Is this G, R or R17 rated?


----------



## retired358

Hookers?


----------



## disgusted

Since it is freshwater, I guess Team Snapper is out of the question.







How about pole yankers?









Femme Fluke

worm grabbers

lips smackers

Professional Momma Sportsmen

Jerk Baiters

Flippin Femmes

Reel Cranky


----------



## FREON

The Largemouth Ladies.......The Fishing Females......Cranky Crankbaiters......Catfish Cuties


----------



## txred

TOPS and TAILS......


----------



## SP

Team Taco


----------



## redduck

Honey Holes


----------



## yakfishin

cat scratch fever


----------



## sharphooks

PCF
pussycatfish team


----------



## Whitey

Herd Of Cats


----------



## Fishinpayne

Ladies Luck(Picture of two black outline of women posed in the Charlies Angels pose with rods bowed up instead of guns, with two big dice in the middle or a bass)

Hook'em n Cook'em

Team Real Fishermen

Fishing is a Girls Bestfriend

Hookin' Mamas

Kisses Bass(picture of a set of red lips kissin a bass)


----------



## DMC

Team Fishnet


----------



## Mud Cat

*How about....*

_...Team Feminess.._


----------



## girlsfishtoo!

Some of you guys are brave......or crazie? but obviously experienced!

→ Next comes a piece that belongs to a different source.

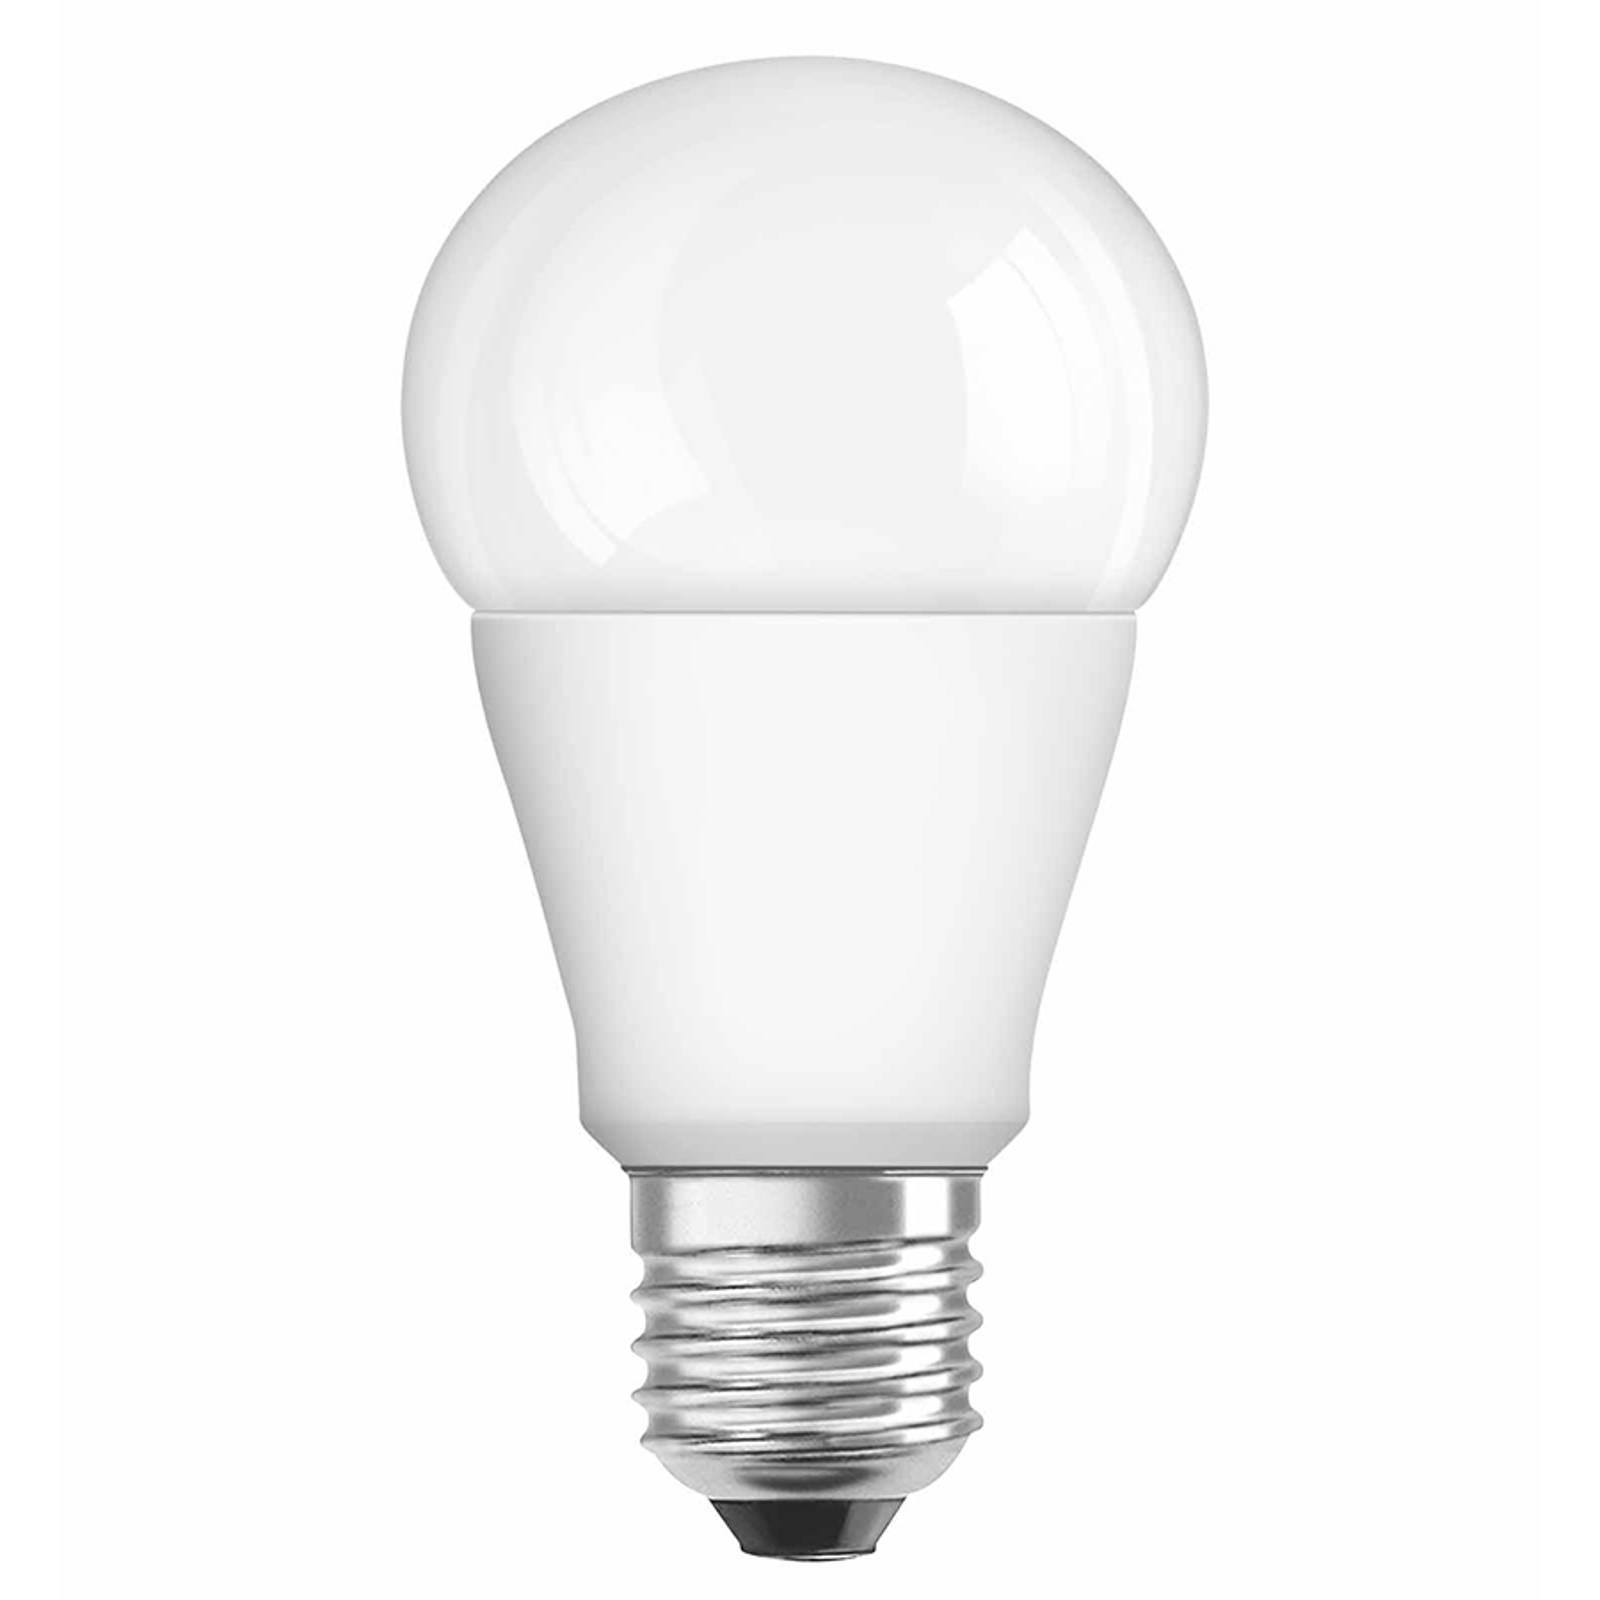 OSRAM-LED-lamppu Star matt E27 5,5W perusvalkoinen
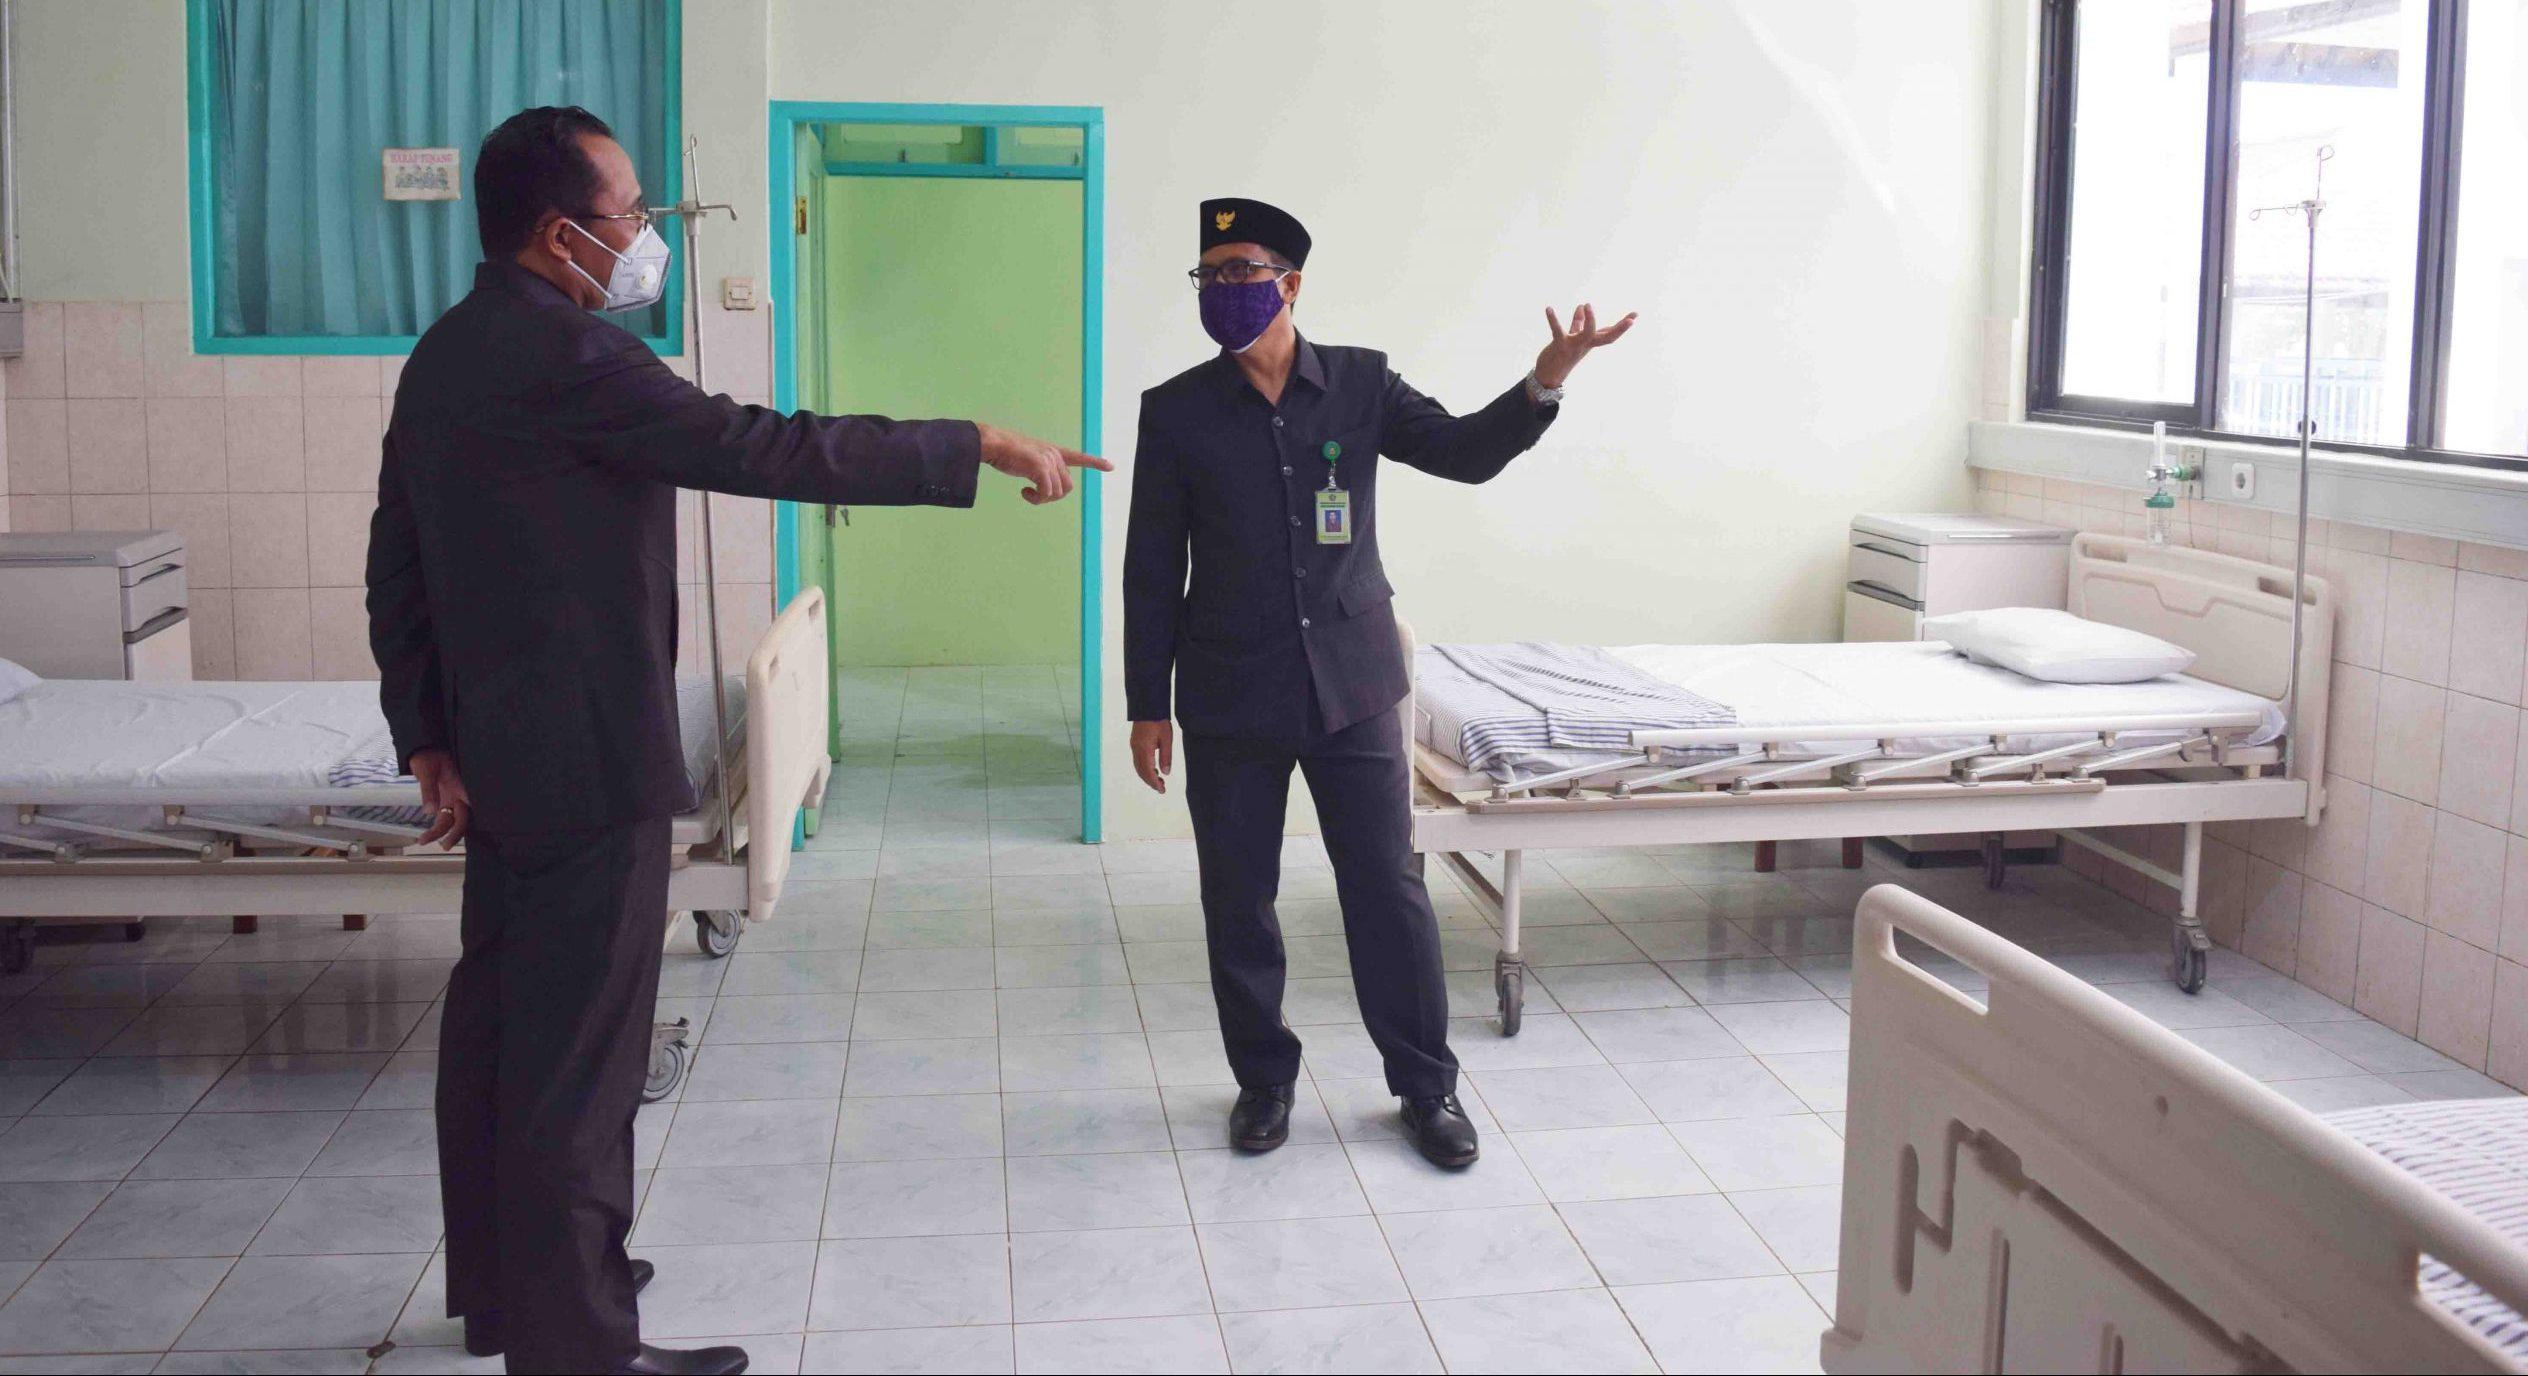 SEKDA Buleleng, Gede Suyasa, saat mengecek kondisi ruangan di RSUD Buleleng. Foto: rik

LOL!!

How about....Reel Women


----------



## capt. david

how about reel hookers!


----------



## Clint Powell

How about...........
Jiggin' Jewels
Backlash Beauties
Bassin' Babes


----------



## Fuelin

*Got It*

*Team Hooterific*


----------



## greyhornet2000

Dances With Fish


----------



## Larry Pure

*Name*

Lace'n'Lures or Lures'n'Lace


----------



## OxbowOutfitters

Leather & Lace fishin team.....?

Team Lures & Lace ?

Fish Naked fishin team...?

Oxx..:question:


----------



## MLCinNCTX

How about "Casting Cuties"


----------



## Getthenet

*Weman Fishing Names*

1. "Angling Angels"

2. " Topping Corks"

3. "Angling Beauties"


----------



## Getthenet

*names*

"Angling Angels"
" Angling Beauties"
" Reel-N-Ladies"



TEAMAFISHINADO said:


> IT IS FOR A FRESHWATER TOURNY
> 
> SOMETHING LIKE THE "*BIG MOUTH BASSES*"
> 
> ANY SUGGESTIONS ARE GREATLY APPRECIATED.
> 
> THANKS
> 
> T/A


----------



## polekaat

Master Baiters

Lady Luck
Reel Ladies
Bite Me
Team Alure
Big Mouth Ladies
Reel Screamers

polekaat


----------



## FishKiller

Ladyfish
or 
Pole Position


----------



## sharphooks

Girlz gone Fishn


----------



## Lagunar boy aka Josh

mid life crisis lol..lol..lol..lol..lol..


----------



## 79_ag

The Hookers


----------



## roadtrip57

line dancers

waterwitches

giggles jiggles wiggles


----------



## ccrocker1313

Pole Dancers..


----------



## gorda dave

*Name*

Chicks with Sticks

You really want my opinion?

Ladies First

IQ counts!

Team Rational


----------